PM Orbán: Weber has joined ‘elite club of the left’

editor: REMIX NEWS
author: Remix News Staff

Hungary’s Prime Minister, Viktor Orbán, struck a defiant tone in the latest statement he has issued in his ongoing battle with Manfred Weber, the German leader of the European People’s Party (EPP) in the European Parliament. Orbán, whose Fidesz party is a member of the EPP, accused Weber of joining the “elite club of the left” and putting his own political ambitions above the needs of the party’s member states. In his latest statement addressed to Weber, Orbán touted his government’s achievements, pointing to its success in reducing unemployment and state debt while increasing wages and household assets and its child support programs. Orbán then accused Weber of “resenting” Hungary, claiming that this stems from his party’s refusal to support Weber’s candidacy for the EC presidency in 2019. He further blasted Weber for allowing his point of view to “succumb to personal anger or even hatred,” saying that this is unbecoming for the leader of a political party.

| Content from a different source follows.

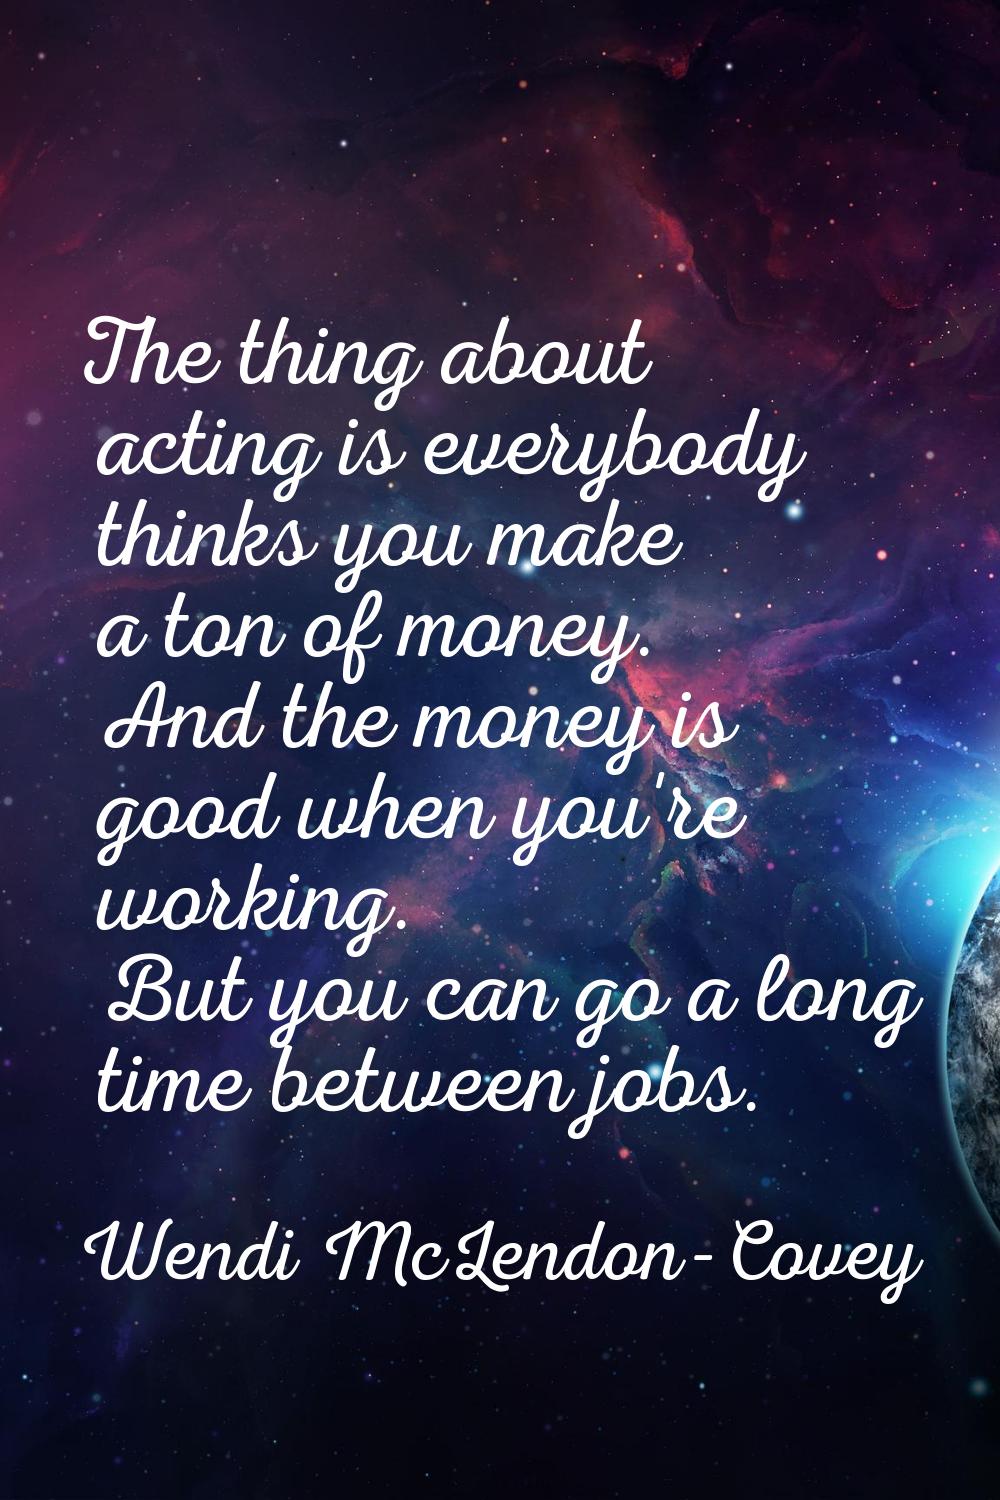 The thing about acting is everybody thinks you make a ton of money. And the money is good when you'

Orbán went on to state that Weber is now a member of “the elite club of the left,” and that from the perspective of someone such as Weber, all right-wing politics such as Orbán’s are understood as being “synonymous with fascism, Nazism, nationalism, anti-Semitism, and homophobia,” while all virtue lies on the left.

The Hungarian prime minister indicated that it was this sort of intolerance that led the United Kingdom to leave the EPP, and finally the EU as well, pointing out that the EPP has grown more suspicious of conservatives while becoming more welcoming to liberal parties such as the Social Democrats and the Greens, which Orbán sees as “a slippery slope.” He claimed that in reality, Central Europeans feel the same revulsion for fascism that they do for Communism and then reiterated that the region will never “surrender its Christian values, national culture and our belief in the traditional – and, for us, the only – family model.” Orbán stressed that Brussels must learn to respect such beliefs as part of an “alliance of free nations,” as opposed to pursuing “the cultural, liberal homogenization of Europe.” “A politician with ambitions for high office in Brussels must never forget this,” Orbán concluded, claiming that it would be “a mistake” if Weber and his allies attempt to force the region to accept migrants or leave it “denied the existence of national sovereignty.” He further indicated that it would be an error for Brussels to change the European Parliament’s procedures to make decisions according to majority rule as opposed to unanimity, as some have suggested, which would suppress the wishes of smaller countries such as Hungary. AP Photo/Virginia Mayo German MEP Manfred Weber attends a session in the Plenary chamber of the European Parliament in Brussels, Tuesday, March 10, 2020. The dispute between the two leaders goes back to 2018, when Weber announced his candidacy for the presidency of the European Commission. After Orbán pledged his support for Weber’s candidacy, Weber snubbed Hungary by stating that he did not want to win the election if it meant gaining Hungary’s votes in the process.

As a consequence, Fidesz withdrew its support. In the end, Weber was not nominated for the position, and Ursula von der Leyen became President of the EC instead. Since 2018, Weber has consistently echoed Brussels’ complaints that Hungary is guilty of various “rule of law” infractions, accusing Orbán’s party of establishing an anti-democratic monopoly over the media and restricting the judiciary’s independence in Hungary. Orbán has always responded that such attacks are the result of his government’s unwillingness to accept Brussels’ migration policies and its defense of Christian values as opposed to the more cosmopolitan values of Western European governments. Many politicians have backed Hungary’s view that the EU is applying double-standards , but given the large liberal majority in the European Parliament and the progressive values promoted by billionaire Georg e Soros which have gripped leading institutions in Brussels, Hungary increasingly finds itself at odds with an EU seeking to expand its power over member states. Earlier this month, Orbán accused Weber , a member of Germany’s Christian Social Union (CSU), of attempting to recreate the same political coalition in Brussels that already exists in Berlin, where the center-right governs in alliance with the left. While the EPP was once seen as a conservative party, it has drifted toward the left on many issues in recent years, including abortion and immigration. Weber has also supported Brussels’ attempt to attach EU funding to a “rule of law” mechanism that would allow the body to withhold funds from member states that were found to be in violation of such standards. Hungary and Poland exercised their veto over next year’s proposed budget earlier this month to prevent it from being put into effect.